皆さんが大好きなシャンパンの格付けの解説です。少し複雑ですが表にしてみました。シャンパーニュ地方はフランスの北東に位置し、アルザスより北にありフランスのぶどう栽培ではほぼ北限の場所にあります。コトーシャンプノアなどの赤ワインを造っていますが、そのほとんどはシャンパンの生産者です。主要な栽培地域は4つに分かれており5県にまたがっています。
シャンパーニュの格付けとは
シャンパーニュでは村の単位で区別されています。シャンパン自体に格付けがされているわけではなく、村で造られるぶどう自体に格付けがされていると言ったほうが解りやすいかも知れません。そのぶどうをどれだけ使っているかで、シャンパンの品質の差が見えてくると言ってよいでしょう。
シャンパーニュには319の村(=クリュ)があり、それぞれの村には80%から100%の格付けがされています。クリュと言えばブルゴーニュでは区画を意味し、ボルドーではシャトーのイメージですね。そのうち90%~99%の格付けの村がプルミエクリュとされ、100%の格付けをグランクリュとなります。17の村がグランクリュ、42の村がプルミエクリュと認定されています。
この%とはぶどうの取引価格の事で、毎年の村のぶどうの価格差となります。例えばある年のぶどう価格が100g100円と決められたらグランクリュは100%なので100円、85%の村は85円で取引されます。この相対的な評価は、栽培農家の季節変動に対する保護制度で生まれたようです。ただ現在はこの公定価格の制度は廃止されて自由な取引となっています。
取引価格の制度が無くなったとはいえ、その%の格付けは今も品質の評価基準とされているので、取引価格もグランクリュの畑の価格は他と比較して高額となっています。
主要栽培地域
- モンターニュ ド ランス・・ランスとエペルネにまたがる一番大きな地域です。石灰質の土壌で主にピノノワールの栽培を行っています。9つのグランクリュがあります。
- ヴァレドラマルヌ・・名の通りマルヌ川に沿った地域です。石灰質土壌から粘土質や砂質など様々な土壌が広がります。ピノムニエが多く栽培されています。2つのグランクリュを持ちます。

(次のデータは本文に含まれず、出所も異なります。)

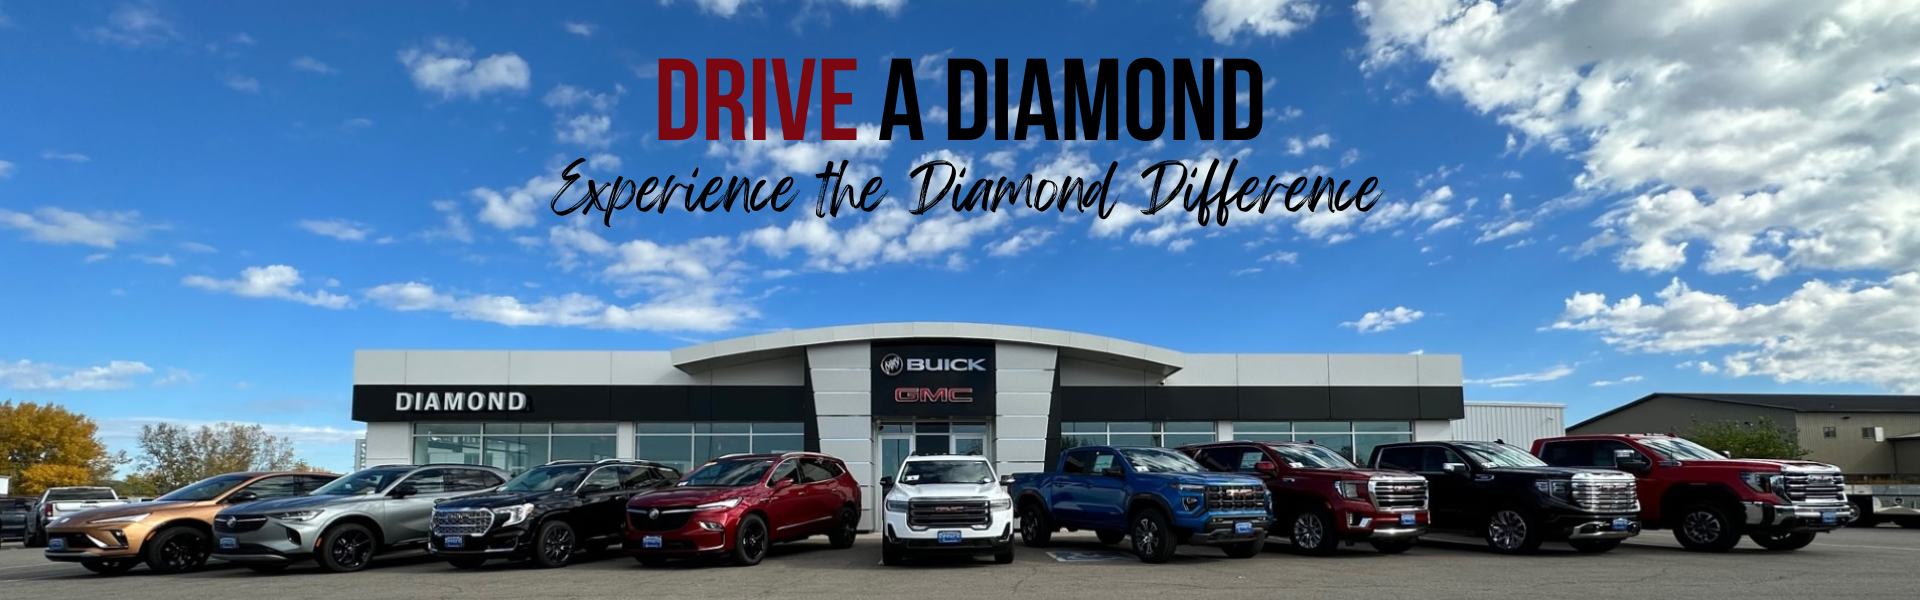 Experience The Diamond Difference

- コート デ ブラン・・エペルネから南に広がる丘陵斜面に広がる地域です。白亜の石灰質土壌でミネラル分が豊富なことによりシャルドネの栽培がメインです。6つのグランクリュがあります。
- コート デ ブラン・・他の地域から少し離れた南にあり、シャブリ地区の上に位置します。シャブリに似た土壌でありシャルドネも栽培されていますが、ピノノワールの栽培がおおいところです。
単一畑のシャンパン
村単位での格付けですが、ブルゴーニュのように単一畑のシャンパンも存在します。クリュッグのクロ・デ・メニルやドゥラモットのサロンなどはコートデブランのメニルの単一畑であり、エリックロデスのリュディはアンボネの単一畑のぶどうを使っています。ちなみにシャルドネ100%で造るシャンパンをブランドブランと呼び、ピノノワール100%で造るシャンパンをブランドノワールと呼びます。
ドンペリはグランクリュ?
モエエシャンドンのプレステージシャンパンといえばドンペリニヨンですが、グランクリュのぶどうのみで造られているわけではありません。ドンペリニヨンゆかりの地であるマルヌのオーヴィレール大修道院のぶどう(プルミエクリュ)を使っているからです。プルミエクリュは1%で残り99%はグランクリュとの説がありますが、正式には公表されていないようです。その他のメゾンのプレステージ級も同様、グランクリュメインが多いようですがプルミエクリュとの比率はまちまちのようです。正確にはボルドーのグランヴァン同様、その年のぶどうの出来により変わってくると推測されます。グランクリュ100%を使ったシャンパンはラベルにGRAND CRUと大きく書かれているのが一般的です。
おわりに
シャンパンはスティルワイン以上に造り上げる手間がかかります。瓶内二次発酵させる期間で繊細な泡を造り上げていったりドサージュ(糖度調整)で残糖量を調整するなど、各メゾンの個性と技がキラリと光るのがシャンパンです。ちなみに瓶内二次発酵で生まれる泡とシャルマ式(大きなタンクで二次発酵)では一つ一つの泡粒の大きさに違いがあるとされ、泡立ちの時間もシャンパンのほうが良いとされています。価格が高くなってしまうのも納得がいきますね。